The inclined surface 866 of the cleaning liquid supply device 83 continuously extends from the cleaning liquid supply surface 865 toward the upstream side in the wiping direction D21, and is inclined upward with respect to the cleaning liquid supply surface 865, toward the upstream side in the wiping direction D21. The movement start position is set to a predetermined position where the tip portion of the wiper member 821 is located right under the inclined surface 866, and in an upper region of a plane including the cleaning liquid supply surface 865. Such a setting allows the wiper member 821 to properly contact the cleaning liquid supply surface 865 and the ink ejection surface 361.
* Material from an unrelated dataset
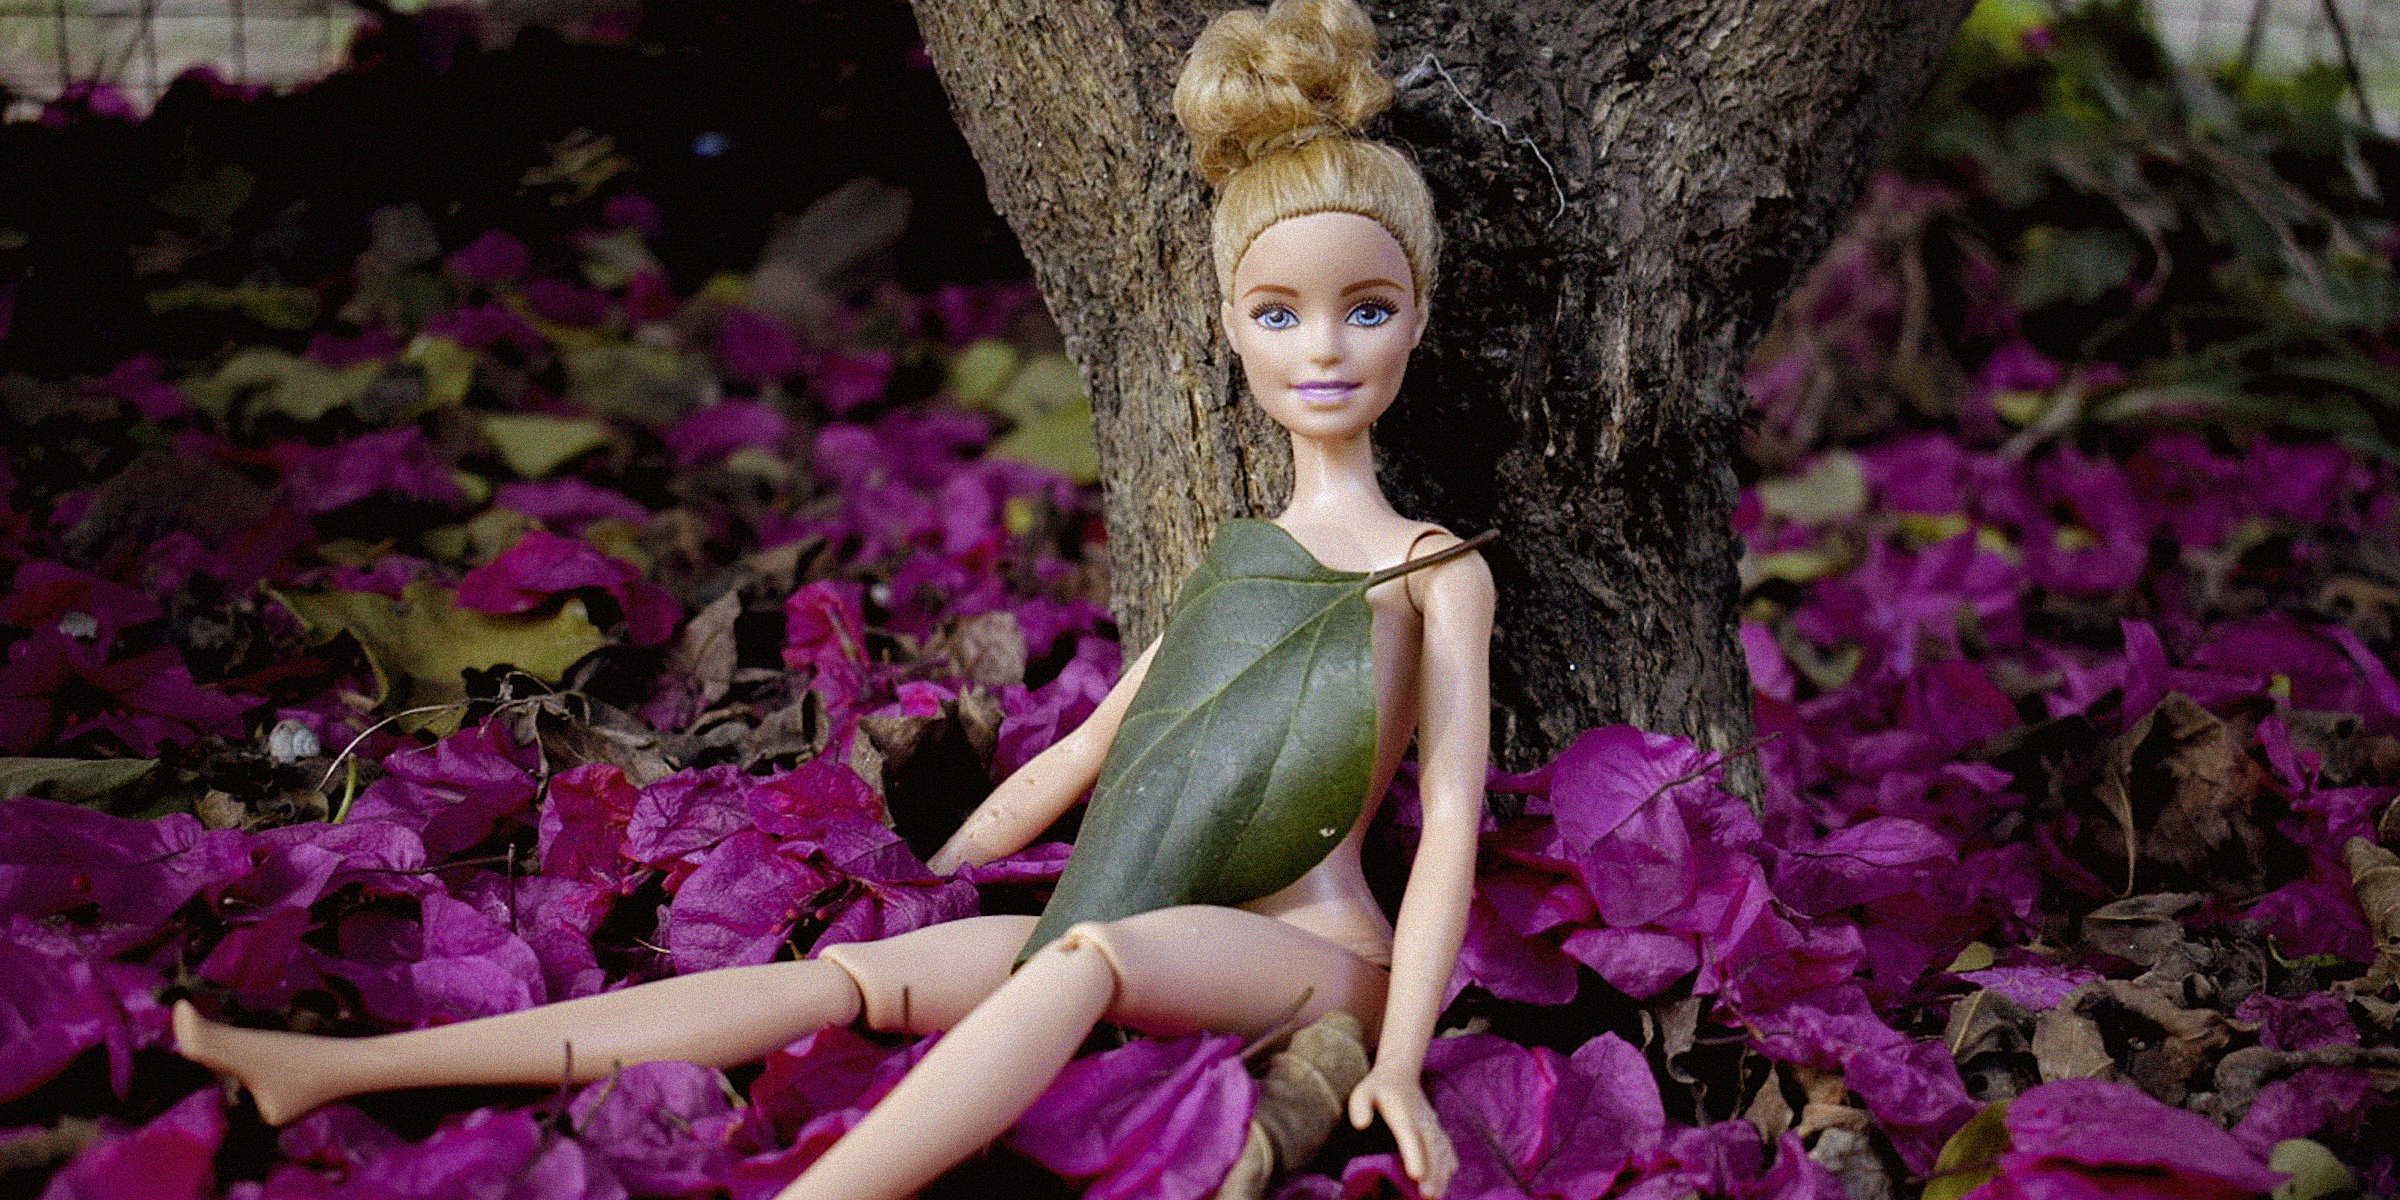 Barbie resting on a tree trunk | Source: Unsplash

Further, to control the cleaning operation, the controller 100 squeezes out the purge ink from the ink ejection port 371 of the recording head 36, and also the cleaning liquid 831 from the cleaning liquid supply port 834, moves the wiper member 821 in the wiping direction D21 from the movement start position and through the ink ejection surface 361, until reaching the end position where the wiper member 821 contacts the scattering prevention member 84, and then moves the wiper member 821 away from the end position. Since the wiper member 821 is moved away from the scattering prevention member 84, the liquid (ink and/or cleaning liquid) is kept from remaining on the ink ejection surface 361. In addition, the scattering prevention member 84 prevents the liquid from splashing around, when the wiper member 821 is parted from the end position.

Hereunder, the ink jet recording apparatus 1 according to a second embodiment will be described. FIG. 10 is a functional block diagram showing an essential internal configuration of the ink jet recording apparatus according to the second embodiment. FIG. 11A is a partial perspective view of the portion of the recording head on the side of the cleaning liquid supply device according to the second embodiment, seen from an obliquely lower position.
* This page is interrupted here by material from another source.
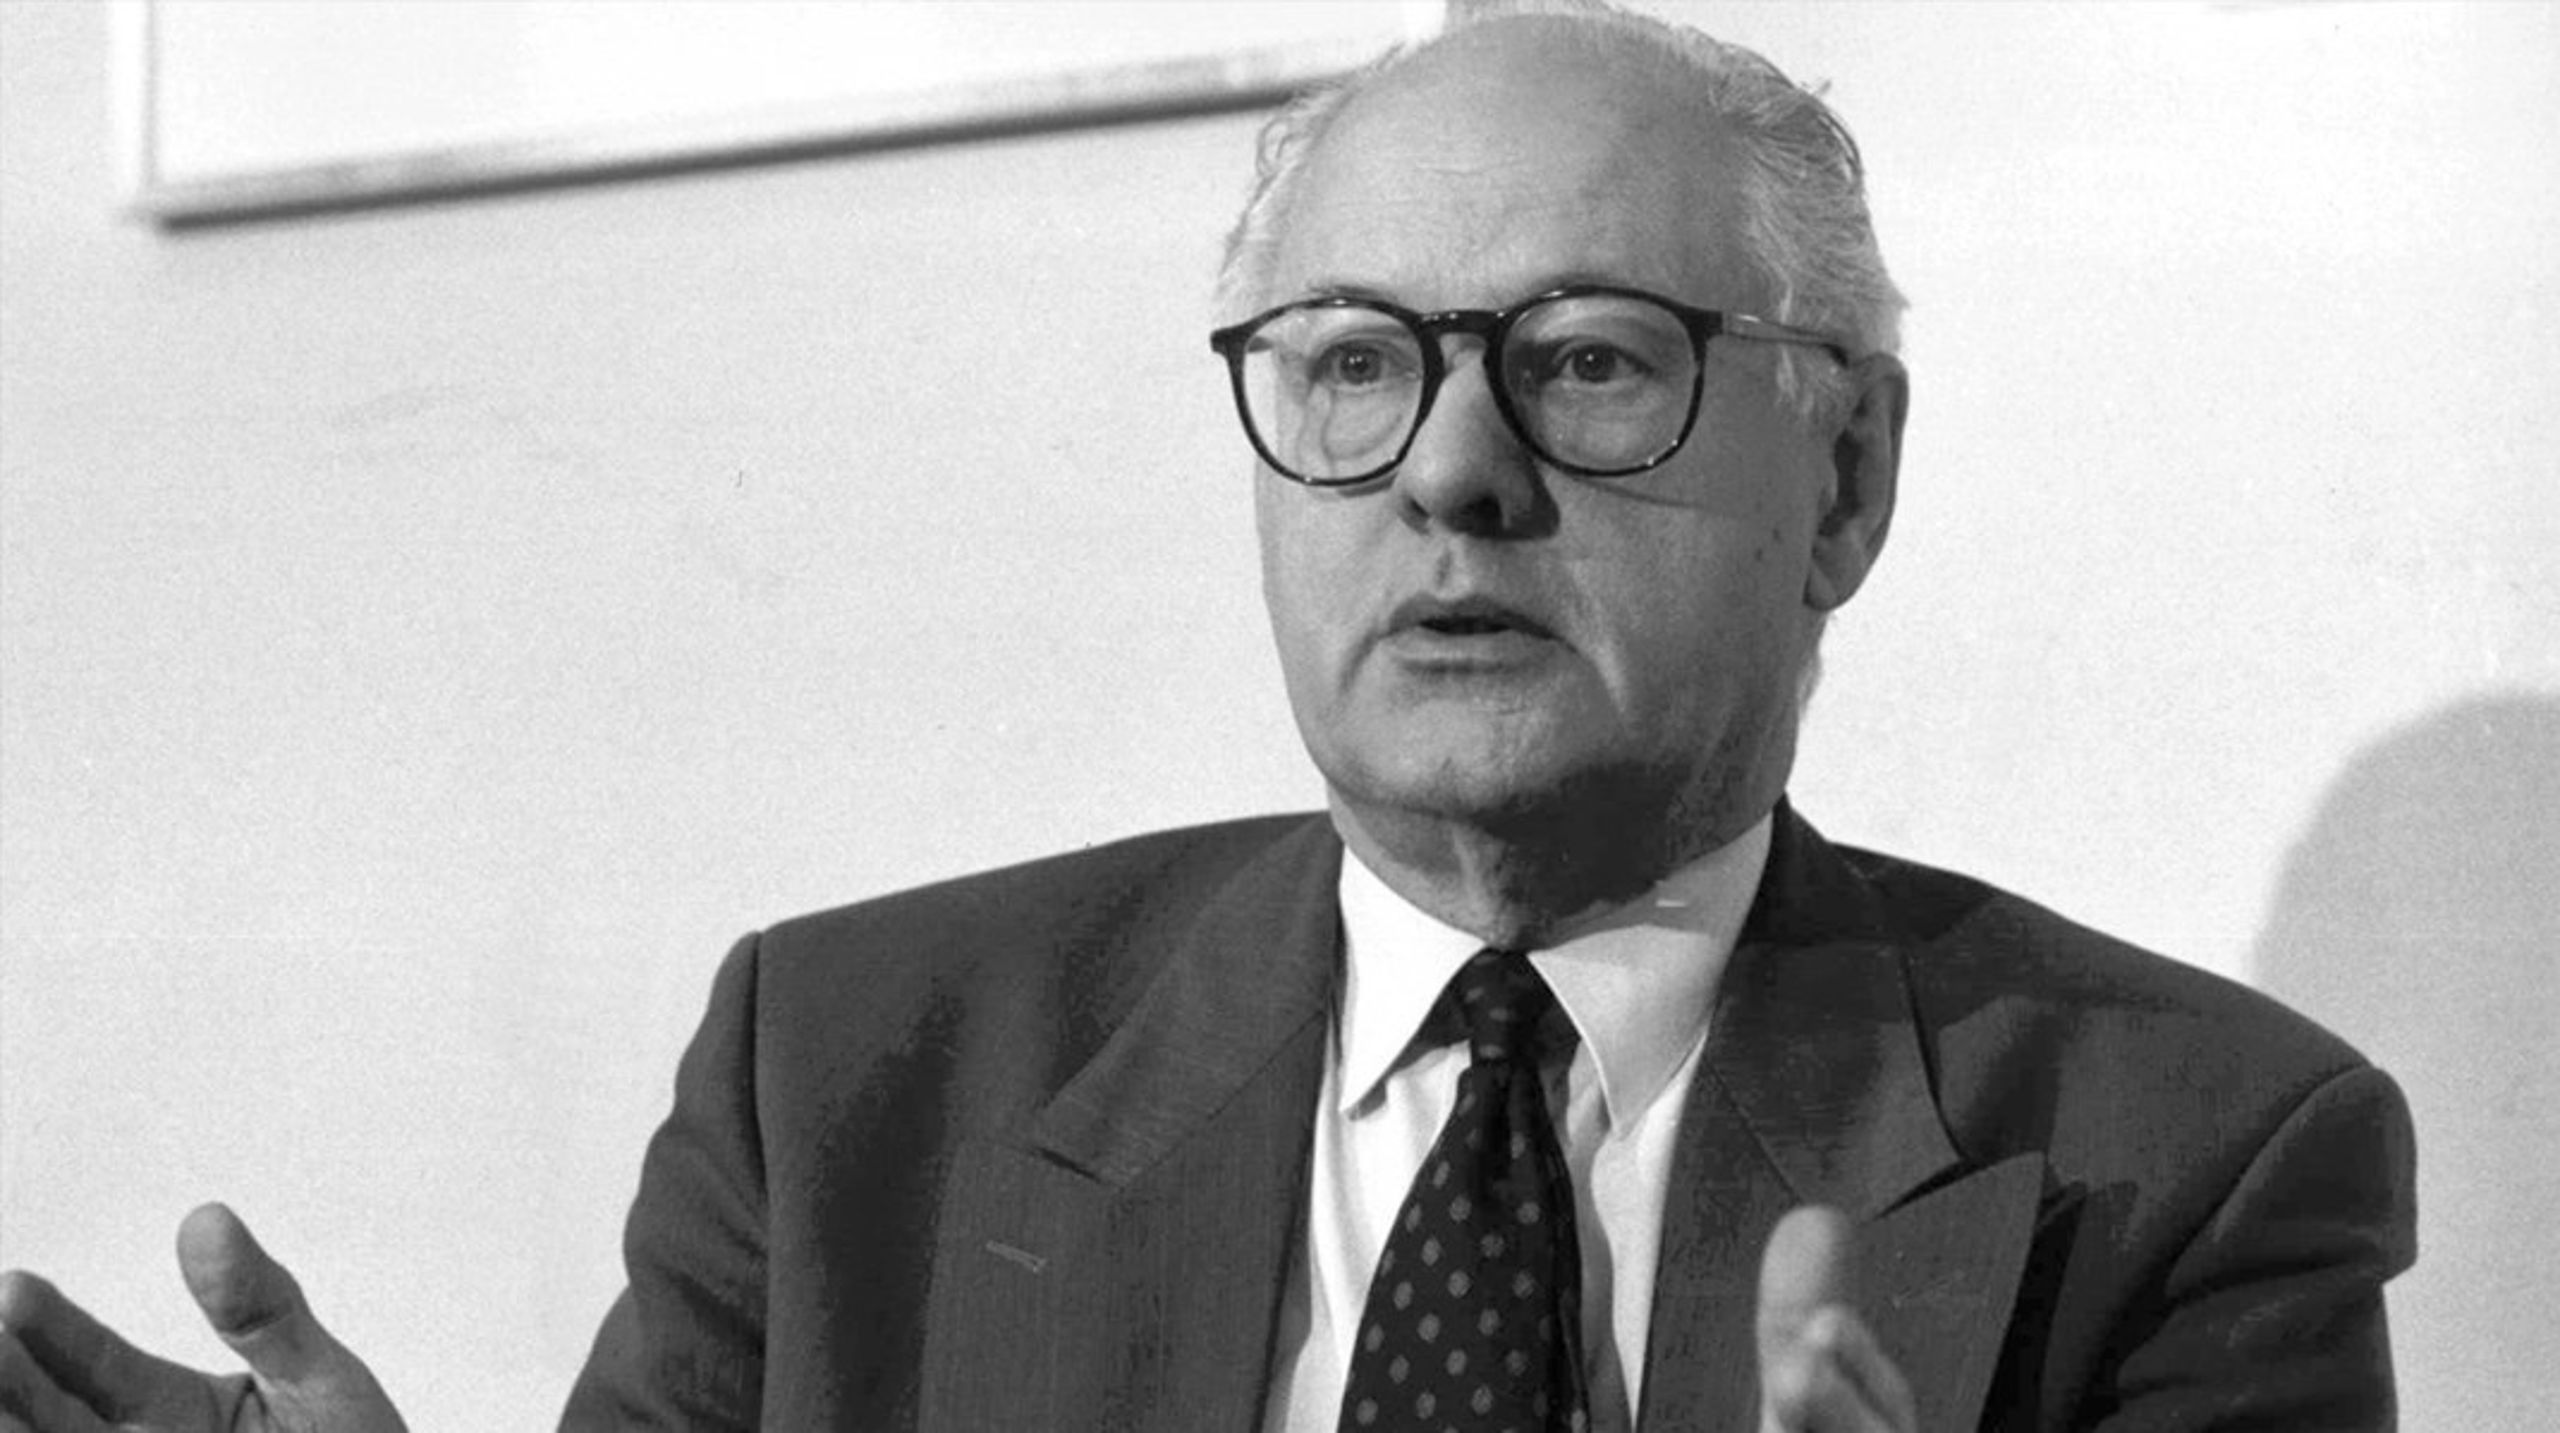 Fra 1978-1993 stod&nbsp;Knud Enggaard i spidsen for flere ministerier under Anker Jørgensen (S) og senere&nbsp;Poul Schlüter (K).

In the first embodiment, the single-purpose heating element 874 for generating bubbles (see FIG. 3) is provided on the cleaning liquid flow path 87. In the second embodiment, however, the heater H1 of the recording head 36 is utilized to generate bubbles in the cleaning liquid flow path 87 as shown in FIG. 11A, instead of providing the heating element 874 as in the first embodiment.

The heater H1 is provided, as shown in FIG. 11A, on the face of the recording head 36 opposed to the vertical tubular member 871. The heater H1 serves, as in the first embodiment, to heat the ink on the ink supply path leading to the recording head 36. The cleaning liquid flow path 87 is installed such that the vertical tubular member 871, a part thereof, is located within a range where the heat from the heater H1 can reach. Accordingly, the heat of the heater H1 is transmitted by the convection of gas (air) present between the heater H1 and the cleaning liquid flow path 87 (more accurately, vertical tubular member 871), so that the vertical tubular member 871 is heated. In other words, the vertical tubular member 871 can be heated because of the transmission of the hot air from the heater H1 to the vertical tubular member 871.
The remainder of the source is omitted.